APIs for deserialization are similar and are denoted with `from_reader`

Results when deserializing EU4 saves on x86
 - Text saves: 33% decrease in latency, 80% reduction in peak memory usage
 - Binary saves: 10% increase in latency, 50% reduction in peak memory usage

The reason why binary saves saw a smaller impact is that the binary deserializer was already smart enough to incrementally parse the buffered data instead of needing to parse it to a tape first like the text deserializer. The reduction in memory usage is expected to be even more pronounced (90%+) for other games with smaller models.

It is a shame that using the binary incremental deserialization API came with a small performance cost for EU4 saves. I believe part of this is due how DEFLATE works. [I previously wrote an article](https://nickb.dev/blog/deflate-yourself-for-faster-rust-zips/) on how inflating from a byte slice was 20% faster than from a stream. The inflate stream implementation has a lot more `memcpy` due to it needing ["access to 32KiB of the previously decompressed data"](https://docs.rs/miniz_oxide/0.7.1/miniz_oxide/inflate/core/fn.decompress.html) that it needs to juggle. In the end, a 50% reduction in peak memory seemed worth it. 

In the docs, incremental text APIs are marked as experimental as they use a different parsing algorithm that is geared more towards save files. I have not yet fleshed out ergonomic equivalents for more esoteric game syntax (like parameter definitions). Game files can still be parsed with the experimental APIs, but these APIs may change in the future based on feedback.

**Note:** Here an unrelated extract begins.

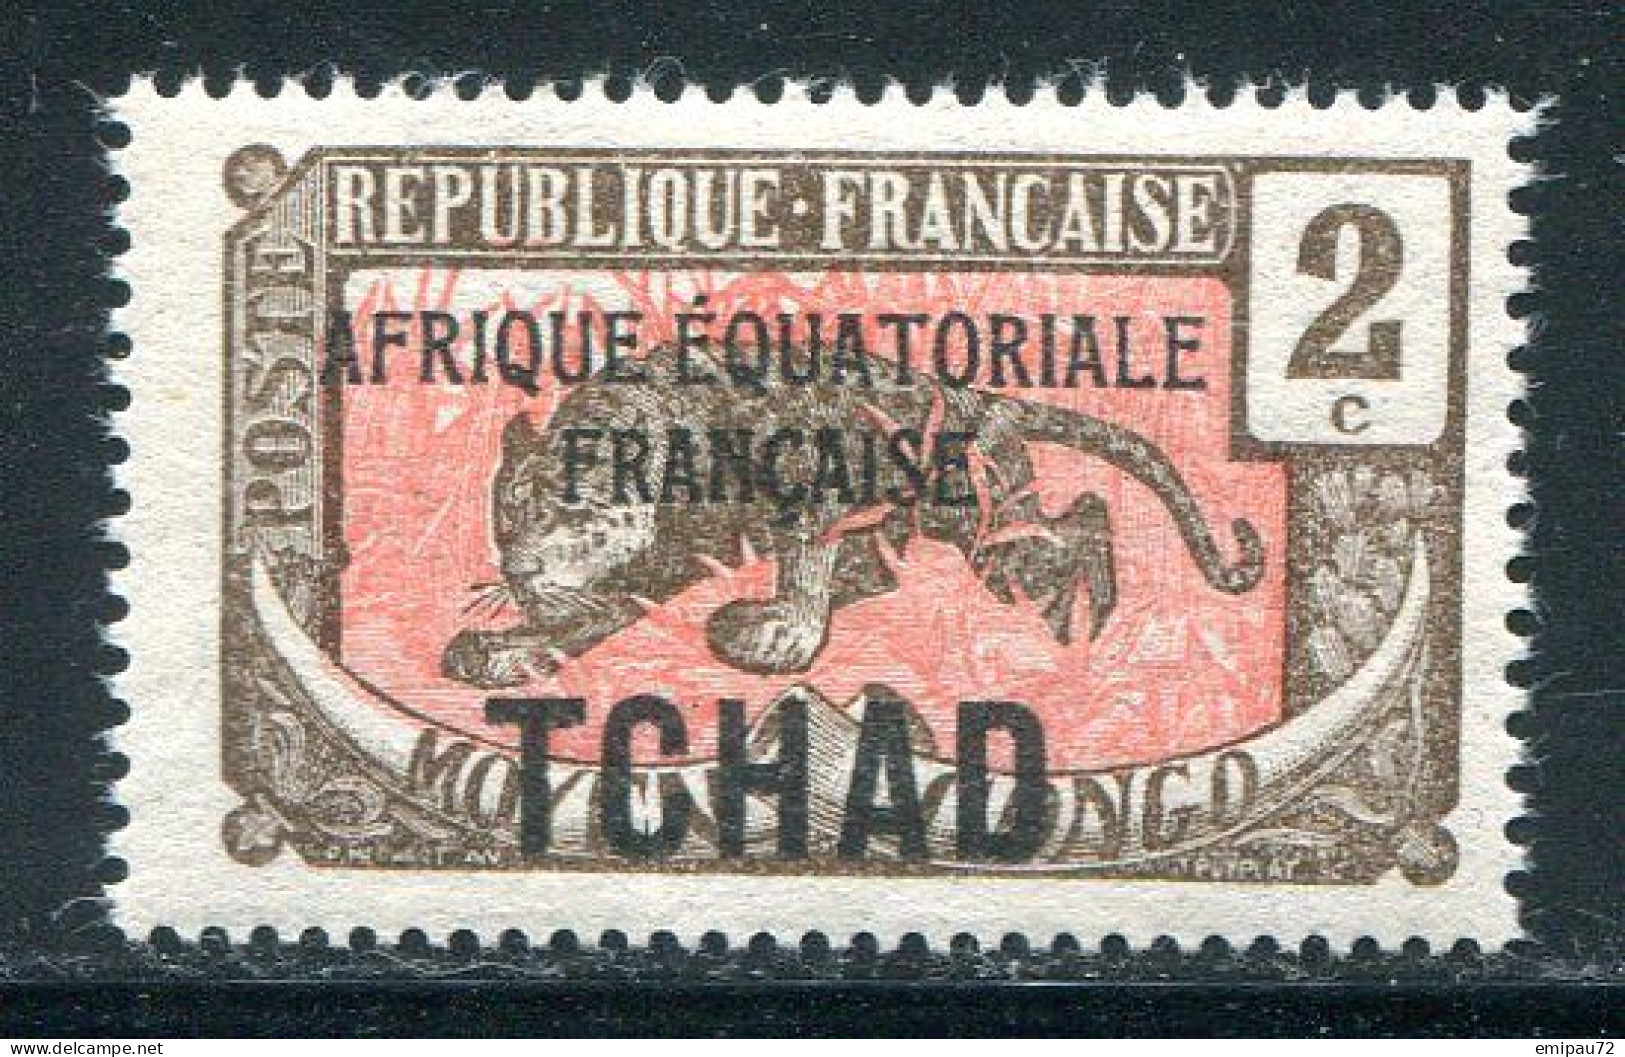 TCHAD- Y&T N°20- Neuf Sans Charnière ** - Unused Stamps

As part of this PR, the incrementally deserializing binary implementation has been promoted to handle all buffered data, and no longer will a `from_slice` function parse the data to a tape in an intermediate step.

The new incremental APIs are not totally symmetrical. The binary format has a `Lexer` that is a zero cost scanner over a slice of data. There is no such equivalent for the text data as it I don't think it is conducive to being used to construct the higher level reading abstractions with good performance. It is no problem for the binary implementations to start reading a string again if it crosses a read boundary, as string operations are independent of their length. Contrast that with text, where if one starts over, each byte of the string would be looked at again (and same goes for any whitespace). This can be worked around by owning data or communicating state, but this complication doesn't seem worth it over bundling everything inside a `TokenReader` that keeps state local and returns borrowed data.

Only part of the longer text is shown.